**WHAT YOU NEED TO DO**:
Give the entries again, word for word.

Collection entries
....................

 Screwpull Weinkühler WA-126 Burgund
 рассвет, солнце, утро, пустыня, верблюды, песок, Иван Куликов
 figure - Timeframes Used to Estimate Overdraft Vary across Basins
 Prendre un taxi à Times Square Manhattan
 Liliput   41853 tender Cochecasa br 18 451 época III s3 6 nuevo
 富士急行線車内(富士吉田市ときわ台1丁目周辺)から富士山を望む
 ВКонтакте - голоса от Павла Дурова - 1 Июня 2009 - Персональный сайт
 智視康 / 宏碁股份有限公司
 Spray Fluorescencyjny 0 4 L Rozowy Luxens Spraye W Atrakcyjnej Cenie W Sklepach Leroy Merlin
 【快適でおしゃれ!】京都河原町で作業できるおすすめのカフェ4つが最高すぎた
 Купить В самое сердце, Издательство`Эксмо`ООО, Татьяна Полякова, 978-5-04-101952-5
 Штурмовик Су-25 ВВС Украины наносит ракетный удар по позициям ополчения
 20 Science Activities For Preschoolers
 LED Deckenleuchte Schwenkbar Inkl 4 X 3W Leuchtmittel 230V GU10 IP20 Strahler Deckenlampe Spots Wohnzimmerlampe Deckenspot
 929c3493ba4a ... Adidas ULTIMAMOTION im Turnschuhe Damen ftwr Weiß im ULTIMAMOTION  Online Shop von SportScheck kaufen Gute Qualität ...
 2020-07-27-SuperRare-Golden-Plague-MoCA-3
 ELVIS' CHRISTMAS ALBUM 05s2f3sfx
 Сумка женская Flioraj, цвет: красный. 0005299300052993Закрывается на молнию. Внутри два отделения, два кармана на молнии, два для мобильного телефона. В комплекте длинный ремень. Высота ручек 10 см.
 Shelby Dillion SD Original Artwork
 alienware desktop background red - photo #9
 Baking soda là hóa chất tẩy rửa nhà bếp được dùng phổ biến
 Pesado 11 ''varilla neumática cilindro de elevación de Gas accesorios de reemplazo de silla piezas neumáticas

....................

**EXPECTED OUTPUT**:
 Screwpull Weinkühler WA-126 Burgund
 рассвет, солнце, утро, пустыня, верблюды, песок, Иван Куликов
 figure - Timeframes Used to Estimate Overdraft Vary across Basins
 Prendre un taxi à Times Square Manhattan
 Liliput   41853 tender Cochecasa br 18 451 época III s3 6 nuevo
 富士急行線車内(富士吉田市ときわ台1丁目周辺)から富士山を望む
 ВКонтакте - голоса от Павла Дурова - 1 Июня 2009 - Персональный сайт
 智視康 / 宏碁股份有限公司
 Spray Fluorescencyjny 0 4 L Rozowy Luxens Spraye W Atrakcyjnej Cenie W Sklepach Leroy Merlin
 【快適でおしゃれ!】京都河原町で作業できるおすすめのカフェ4つが最高すぎた
 Купить В самое сердце, Издательство`Эксмо`ООО, Татьяна Полякова, 978-5-04-101952-5
 Штурмовик Су-25 ВВС Украины наносит ракетный удар по позициям ополчения
 20 Science Activities For Preschoolers
 LED Deckenleuchte Schwenkbar Inkl 4 X 3W Leuchtmittel 230V GU10 IP20 Strahler Deckenlampe Spots Wohnzimmerlampe Deckenspot
 929c3493ba4a ... Adidas ULTIMAMOTION im Turnschuhe Damen ftwr Weiß im ULTIMAMOTION  Online Shop von SportScheck kaufen Gute Qualität ...
 2020-07-27-SuperRare-Golden-Plague-MoCA-3
 ELVIS' CHRISTMAS ALBUM 05s2f3sfx
 Сумка женская Flioraj, цвет: красный. 0005299300052993Закрывается на молнию. Внутри два отделения, два кармана на молнии, два для мобильного телефона. В комплекте длинный ремень. Высота ручек 10 см.
 Shelby Dillion SD Original Artwork
 alienware desktop background red - photo #9
 Baking soda là hóa chất tẩy rửa nhà bếp được dùng phổ biến
 Pesado 11 ''varilla neumática cilindro de elevación de Gas accesorios de reemplazo de silla piezas neumáticas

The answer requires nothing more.